Dreams and rationalities. Like most artist, I'm a dreamer.
And my artistry is not the superior type, primarily because it cannot be judged, as the final project is never final and it produces public things over a relative long period of time, over periods longer than building single structures.
So as the true dreamer, my objective is within the dream itself and can only become visible over time. Being a dreamer fortunately does not identify me alone, as all of us are dreamers within this great dream of life itself.
My very occupation is that of creating that dream city, not the one on the hill that politicians prefer to believe in but the one in which we might live, where life might be expressed by our individual and collective souls and sentiments.
The soul is part of this undefinable essence. On the other hand, rationality is definable and has entity and substance. Politicians, whom I've indicated, too are dreamers but they do not dream of the city on the hill nor of the city that I dream of. For their city already exists, finding its reality in a process of political intrigue. It is with substance, no place for souls nor for dreamers who claim that they have souls.
Politicians substitute dreams and souls with another unidentified substance, an invisible individual source of energy, the ego. The ego like any star in the universe seems to have an unending source of energy whose only purpose is to emit energy and light, burning itself out in the long run, but in the case of the politician, the ego emits a sustained rationality.
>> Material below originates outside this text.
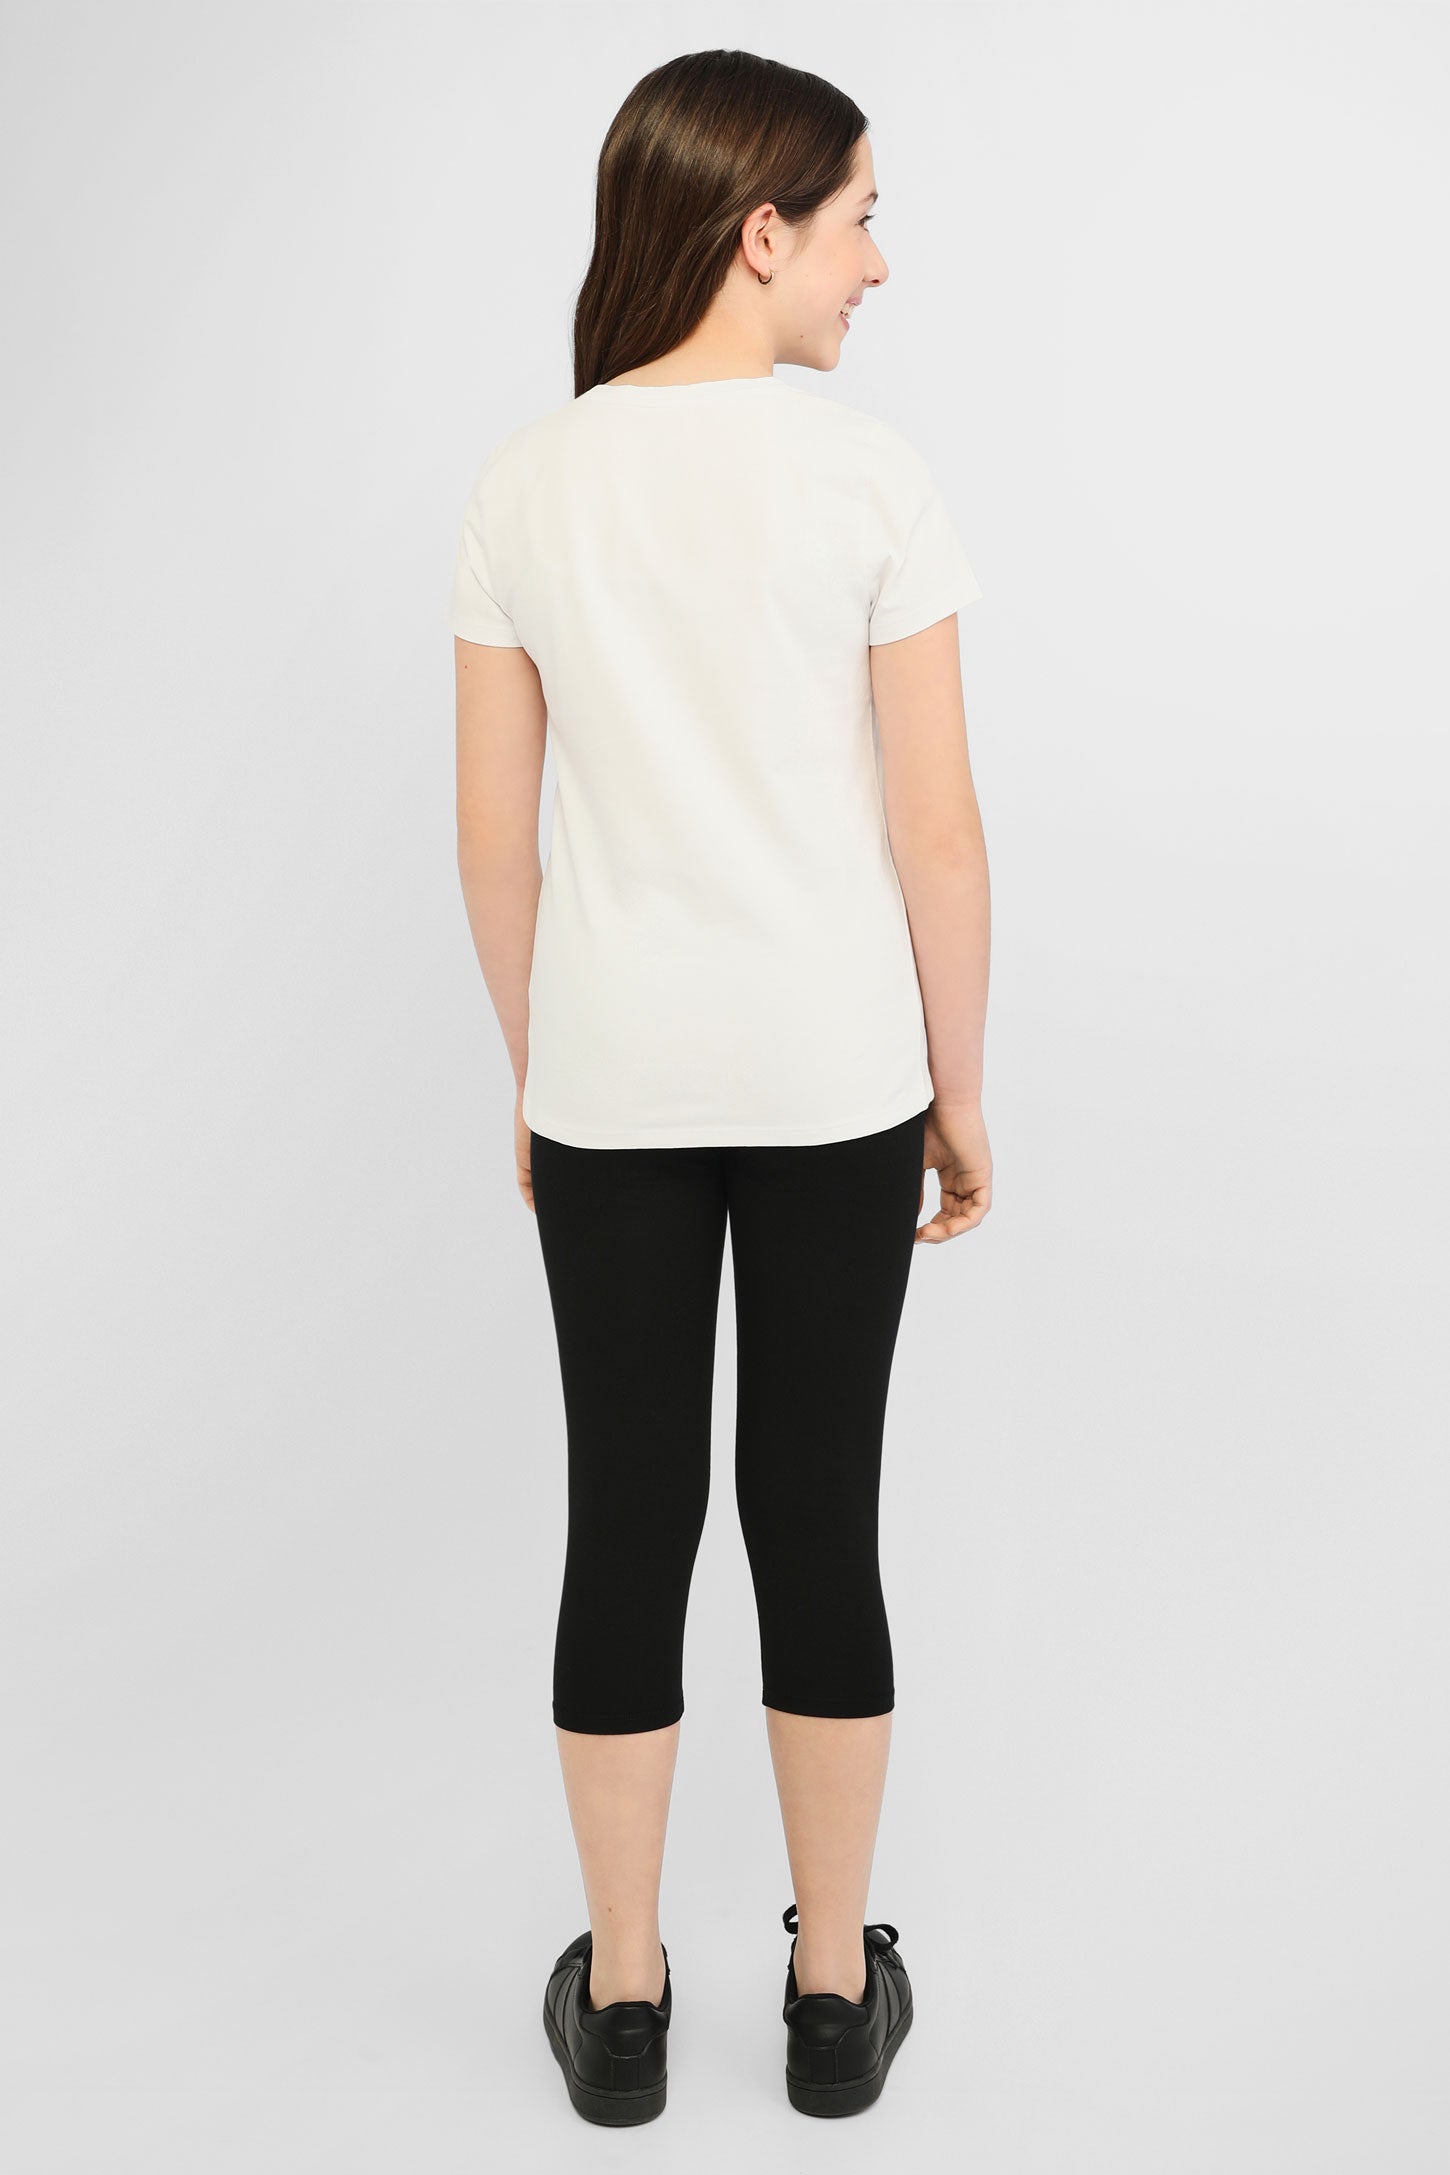 T-shirt à poche en coton bio, 2/25$ - Ado fille && BLANC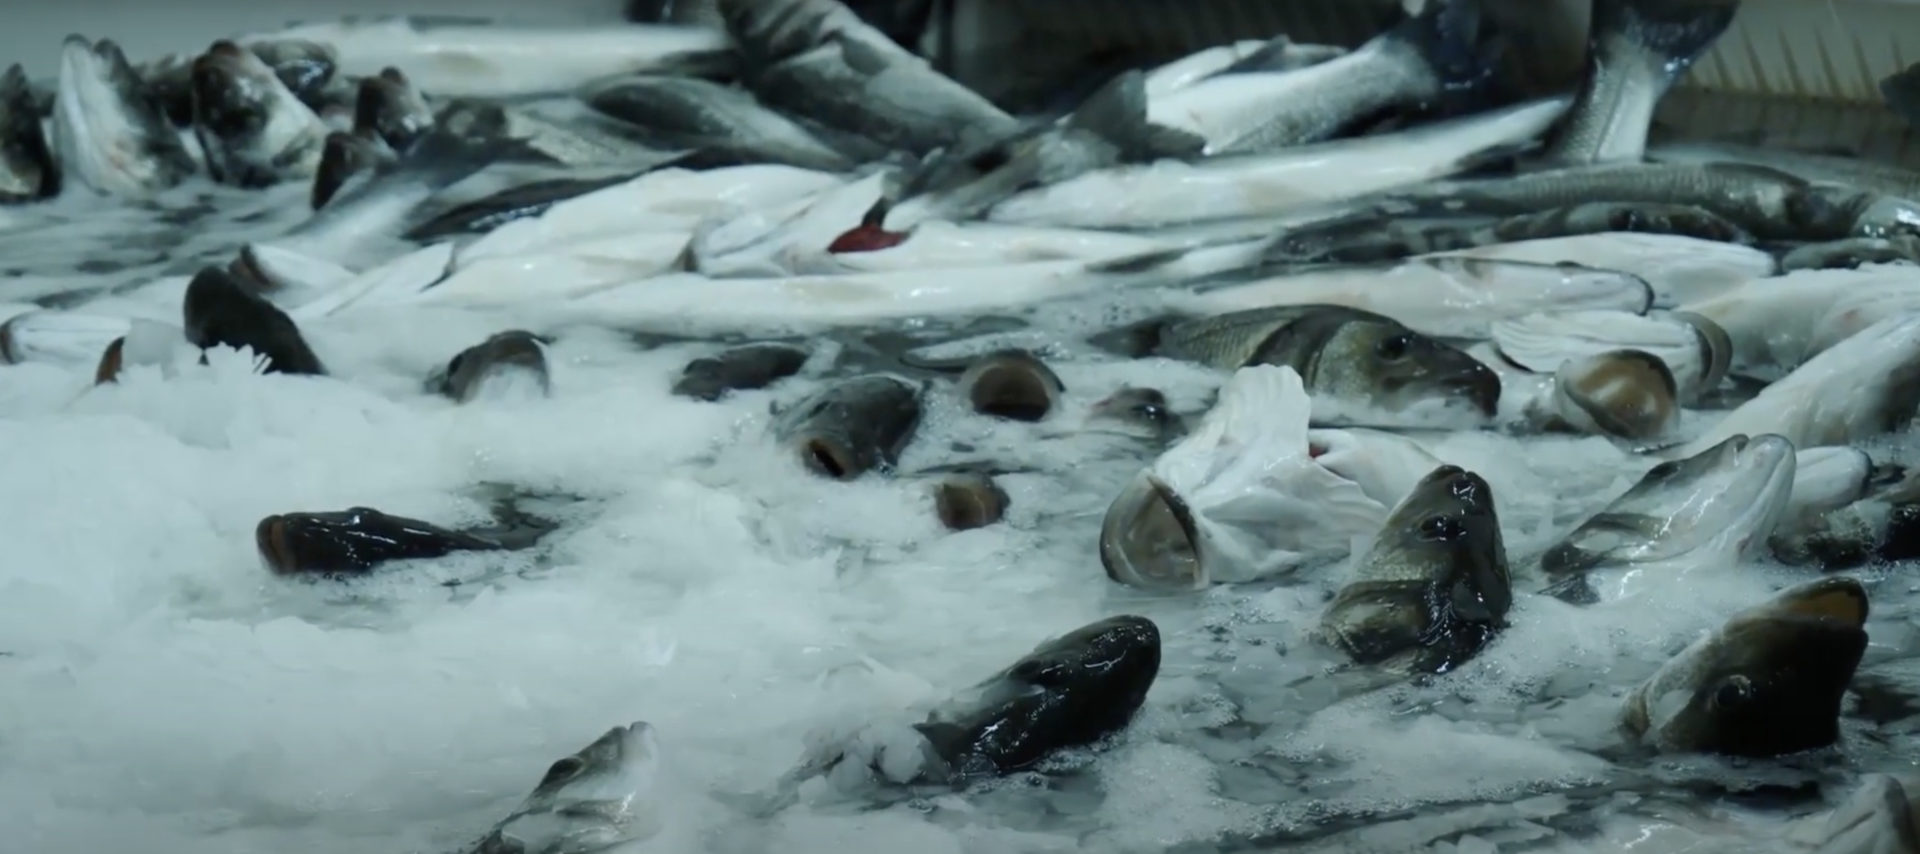 Ocean desolation: how fish farm pollution is killing marine life in Greece 4

Therefore, to the politician, he is the only one with the personal substance of rationality. Like soul, like ego, like the dream, these unidentified substances are personal gifts of the politician's nature as well, but inferior are those elements of others that are without the politician's sense of rationality.
Therefore he/she is to be studied in our journey to understanding the reality and rationality of the political mind.
The politician as George Santayana describes him “attributes objective validity to his own sentiments. Therefore the turn of events will hang on circumstances other than official intentions.” This seems to be as true of local politicians as it is of national ones.
Then the question of why politicians run for office is better explained not only in their own egos but in what tends to be “the validity of their own sentiments.”